Bilkey gives the example of Pitiau and Ngatokotai Tomokino, who entered into a sale and purchase agreement for a motel unit at 300 Lake Terrace, Taupo, on October 6, 2009, from a company related to Cooper, on the understanding that it would be on-sold rapidly for a profit.
The purchase price was $320,000 plus GST but, at the time, the title for the unit had yet to be issued.
That title was never issued, so the purchase was never completed, but the BNZ lent the Tomokinos, who work as a lowly paid storeman and seamstress, and who were then aged 51 and 61, the $86,000 deposit.
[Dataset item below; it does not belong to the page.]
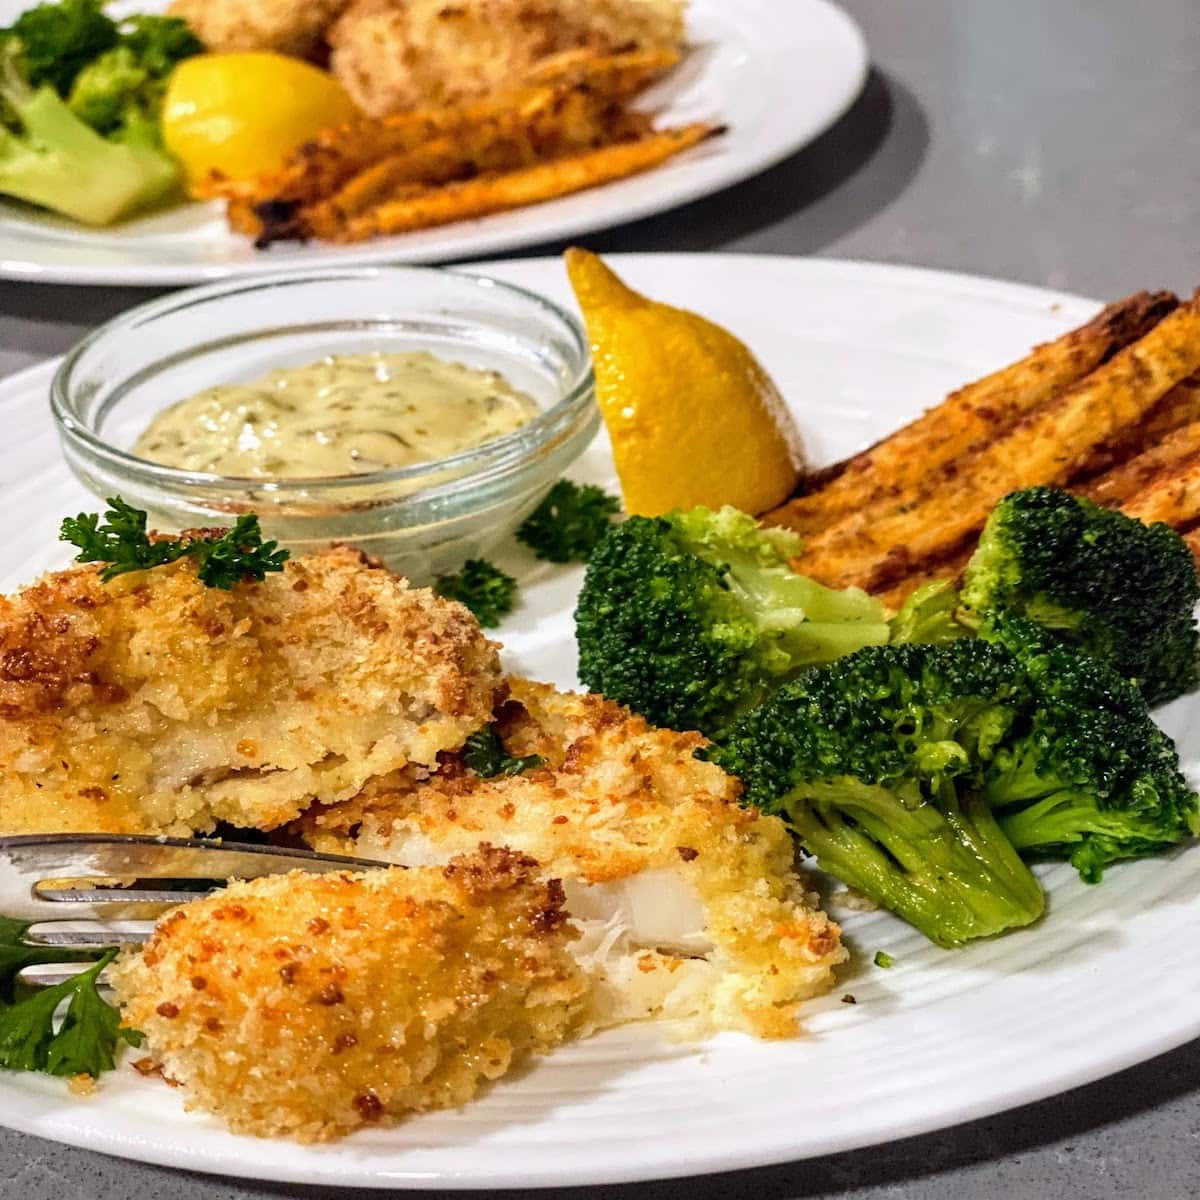 baked white fish with lemon, broccoli and fries

Bilkey believes the BNZ did not know it was financing a deposit on a rental property, and the loan application is blank in the space where the reason for borrowing is usually stated. Had the bank checked with the Tomokinos, it would have learnt what the money was for.
It would have been immediately apparent that the Tomokinos would never have qualified for finance to settle the rest of the purchase price, Bilkey said.
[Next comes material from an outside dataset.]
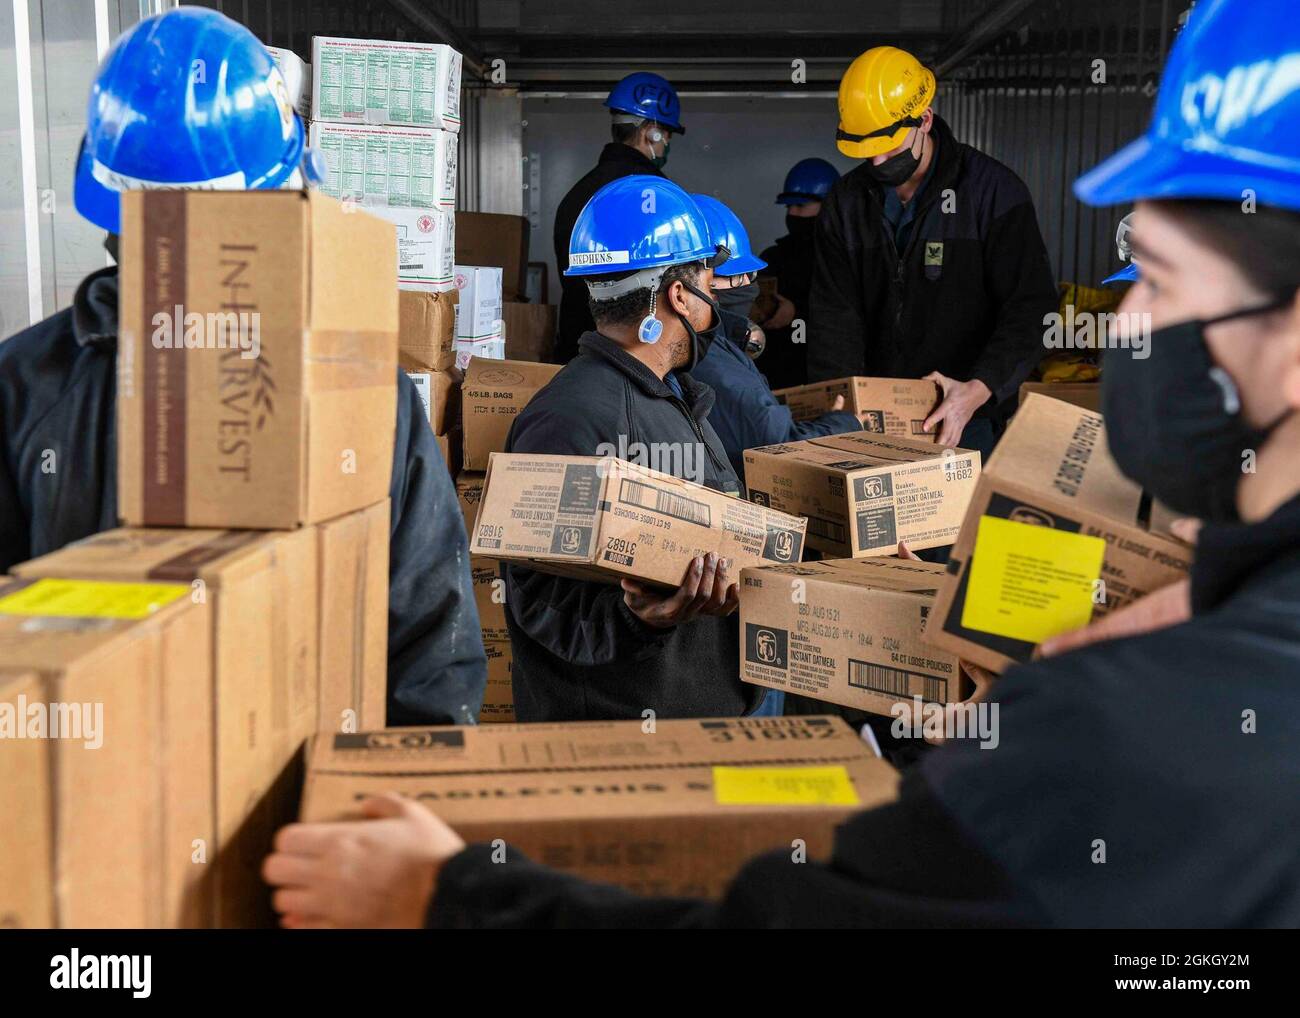 RIJEKA, Croatia (Apr. 19, 2021) Sailors place stores in a refrigerated storage unit aboard the Expeditionary Sea Base USS Hershel “Woody” Williams (ESB 4) in Rijeka, Croatia, Apr. 19, 2021. Hershel “Woody” Williams is on a scheduled deployment in the U.S. Sixth Fleet area of operations in support of U.S. national interests and security in Europe and Africa. Stock Photo

The $86,000 loan was secured over the Tomokinos' home in Mangere, which was supposedly worth $295,000, and on which they owed just under $140,000 to another bank - a loan that BNZ refinanced, leaving it with the ability to put the Tomokinos out of their home.
A letter from Justin Toebes Law acknowledges that the bank regards the Tomokinos, who have carried on paying their mortgage, as "good borrowers" and said it was taking enforcement action reluctantly.
Another of the borrowers are the Mairis, who bought one of the Taupo units for $320,000 plus GST, settling on March 27, 2009. Again the bank, through Justin Toebes Law, acknowledges the position of the borrowers, writing: "We understand they are members of the Cook Island community who were defrauded by Glen Cooper" though, as with the Tomokinos, the SFO charges do not relate to the deals involving units at 300 Lake Terrace.
The BNZ lent the Mairis - both laundry workers - over half a million dollars, which included refinancing their Mangere home.
The Taupo unit has now been sold at mortgagee sale for $180,000 and there is a shortfall, which Bilkey says is more than the equity the Mairis have in their home.
Without mercy from the BNZ, it appears the Tomokinos, the Mairis, and the two other sets of BNZ borrowers will end up having to sell up their homes, or have it done for them.
Legal precedent is clear on one point: banks are not responsible for vetting whether an investment a borrower is making is a good idea, and New Zealand does not have any responsible lending laws.
The families do not have the funds to take a civil case to challenge the bank's right to collect the money. An attempt to get a legal aid loan for the Tomokinos was unsuccessful.
Bilkey said: "The BNZ's position is that it isn't their job to determine whether a particular loan application stacks up from an investment point of view - BNZ v Geddes and Pope. My view is that they do have an obligation to undertake appropriate and prudent inquiries."